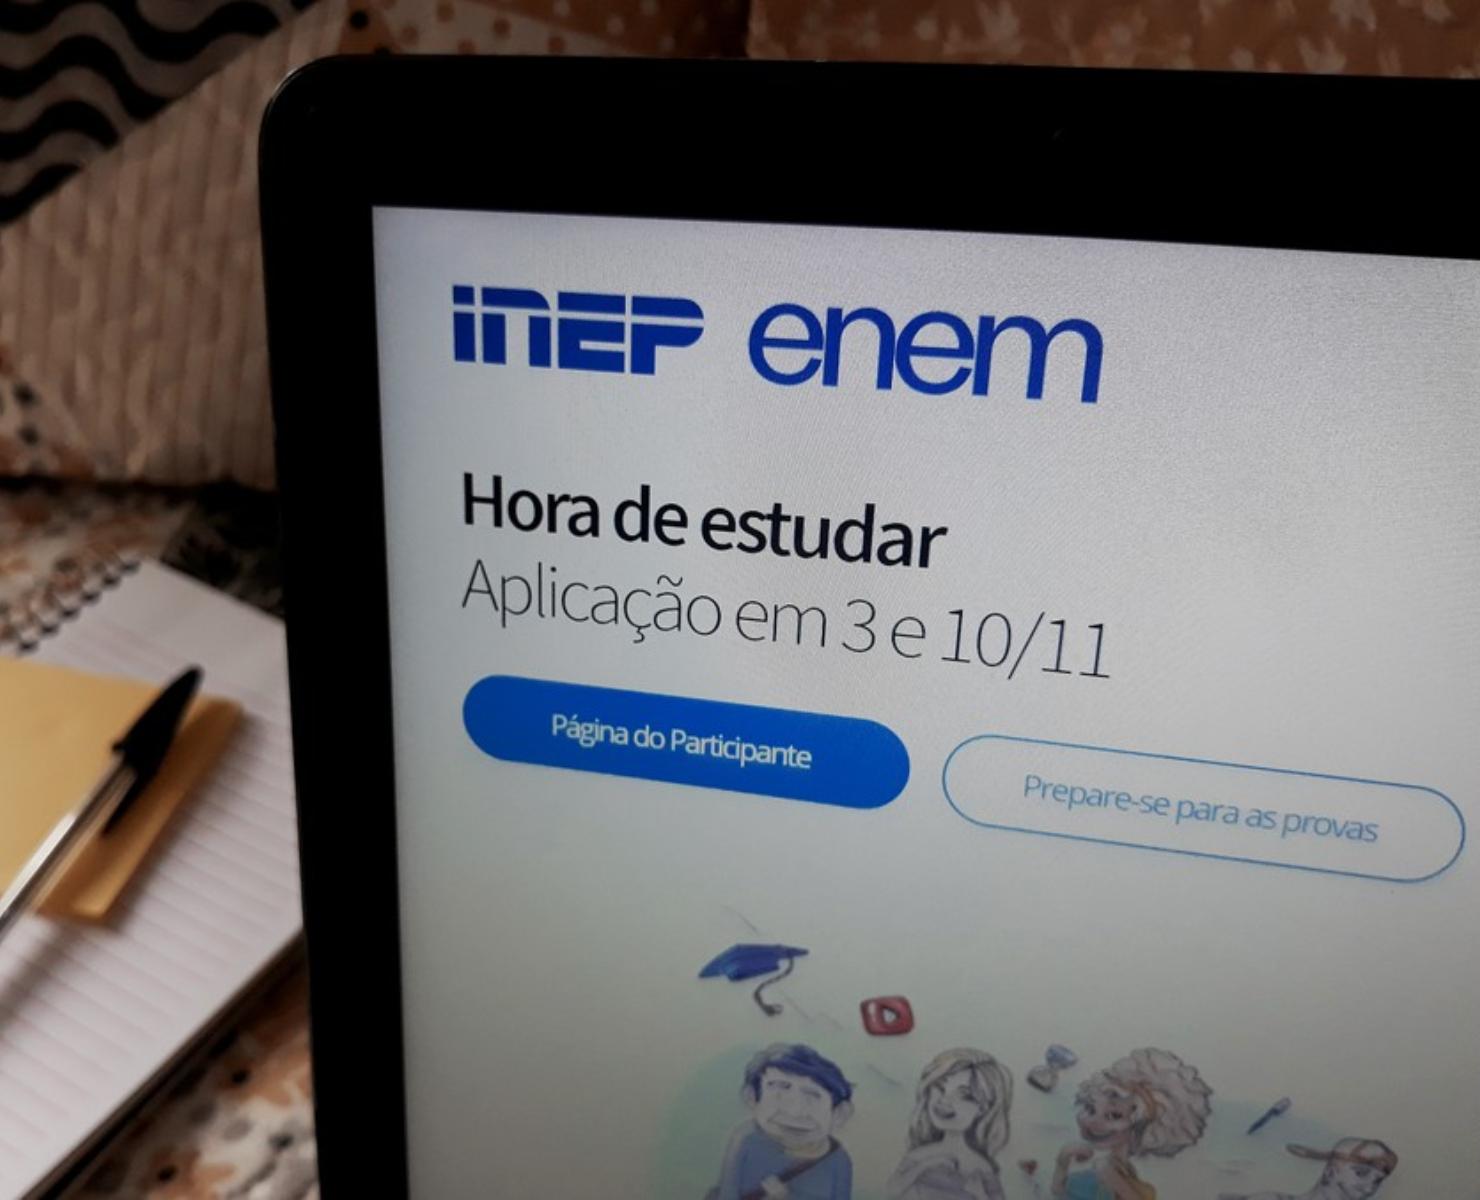 ENEM 2019: INEP DIVULGA LOCAIS DE PROVAS
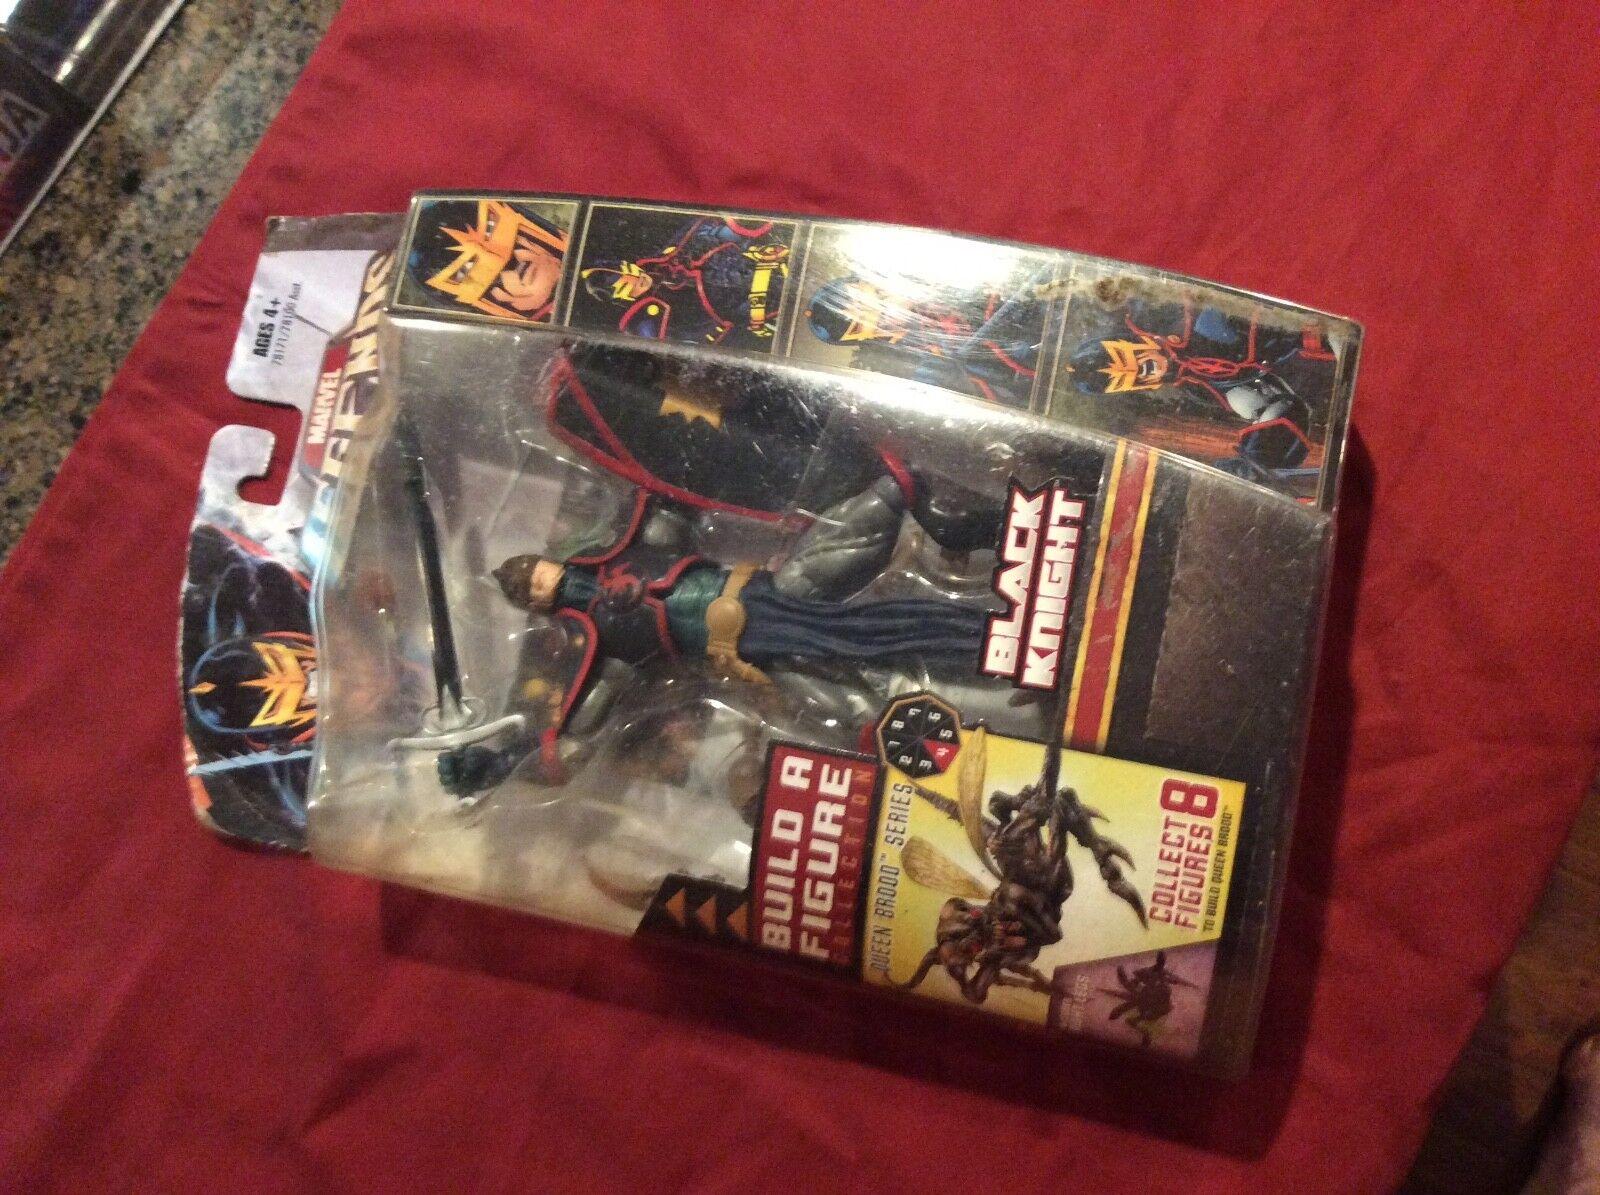 Marvel Legends Serie de reina cría Caballero nero nuevo Excalibur
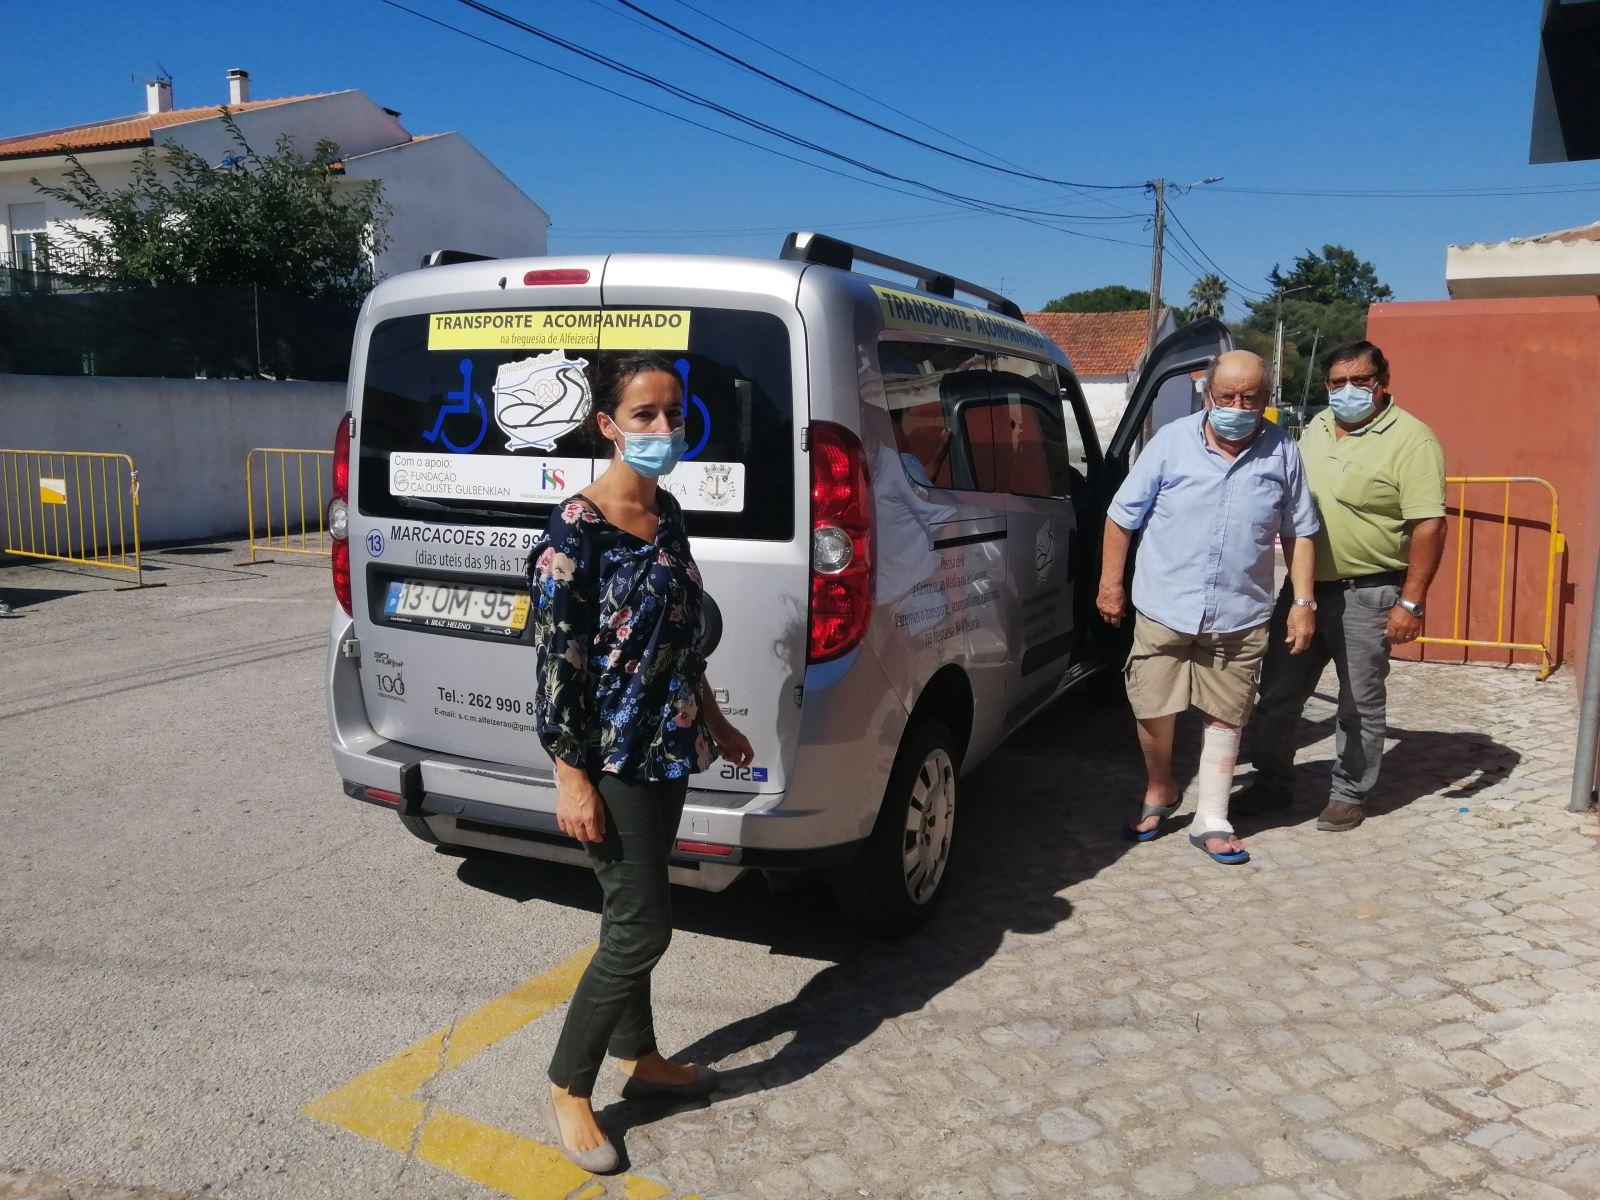 Alfeizerão | Garantir acesso a produtos e serviços da comunidade
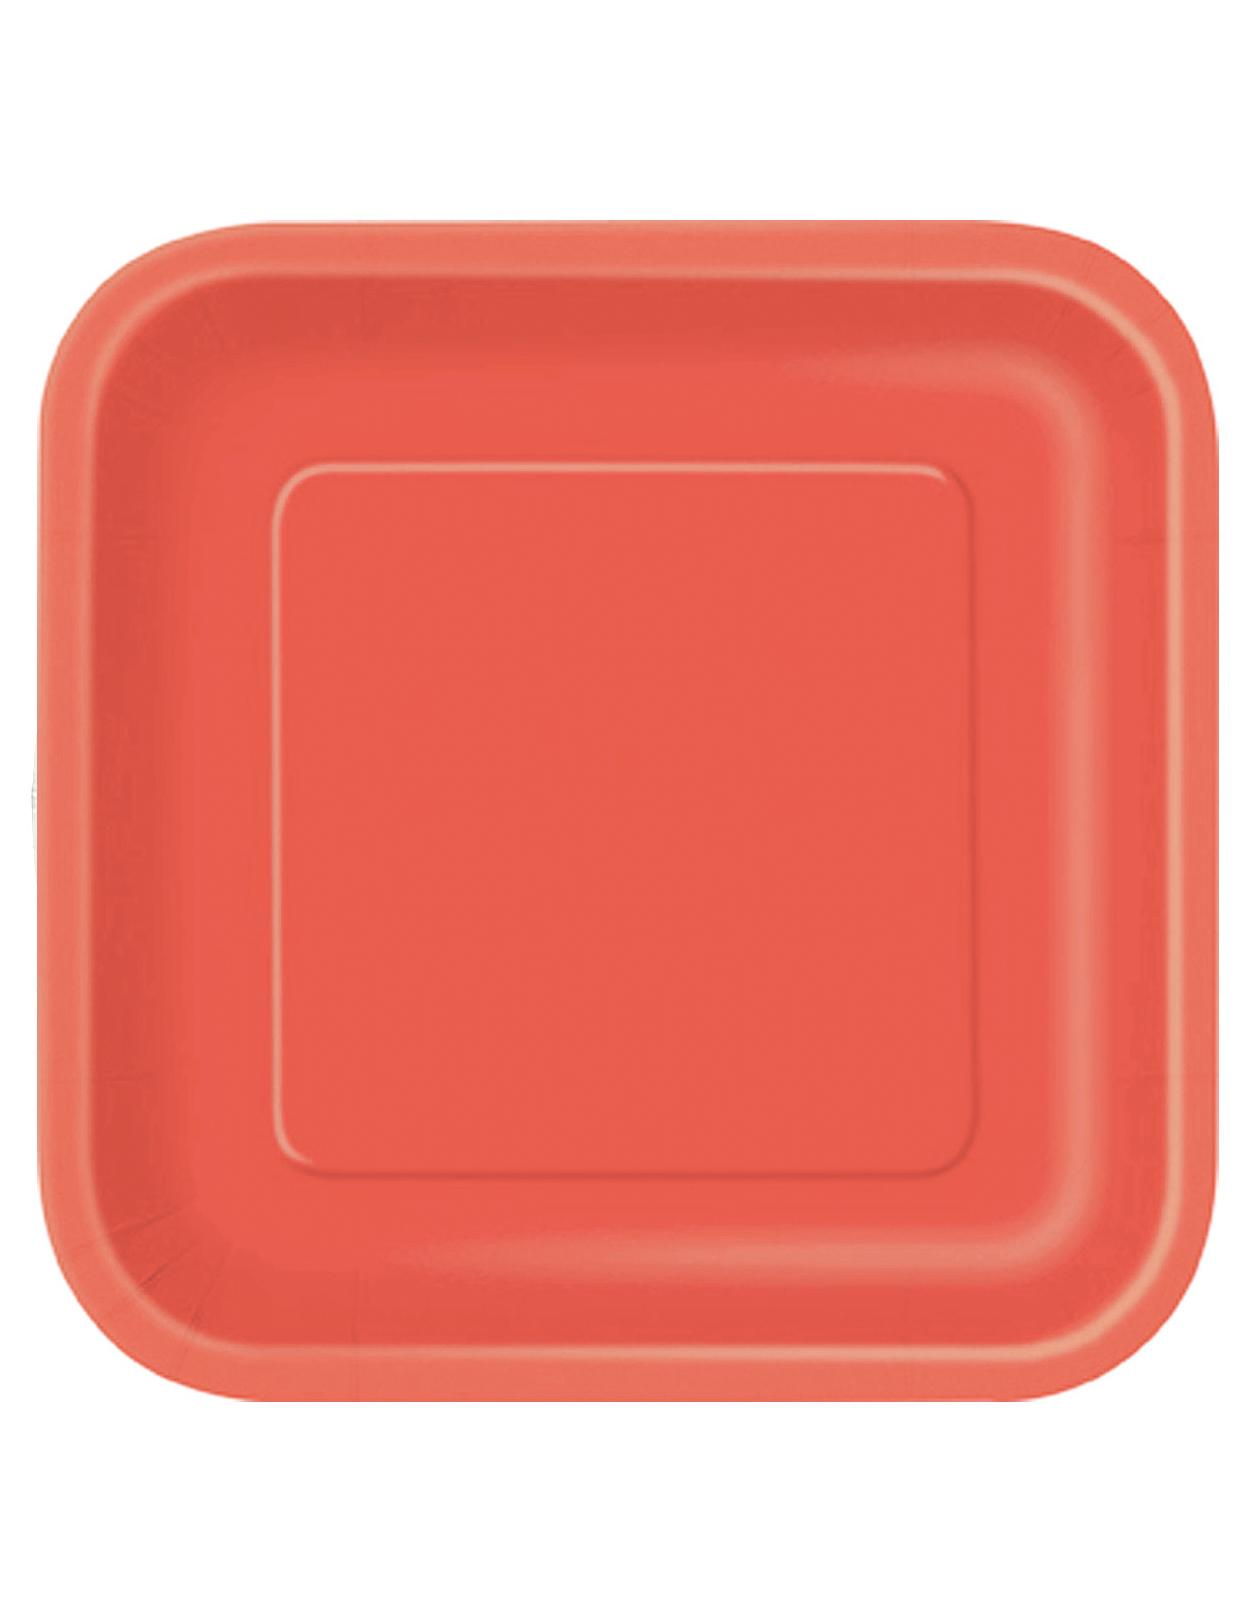 14 stora röda kvadratiska tallrikar i kartong, köp Dekorationer på Vegaoo se

## Work task
Copy out the full material exactly. Pictures should not appear in it.

## Response to this task
 ENEM 2019: INEP DIVULGA LOCAIS DE PROVAS
 Marvel Legends Serie de reina cría Caballero nero nuevo Excalibur
 Alfeizerão | Garantir acesso a produtos e serviços da comunidade
 14 stora röda kvadratiska tallrikar i kartong, köp Dekorationer på Vegaoo se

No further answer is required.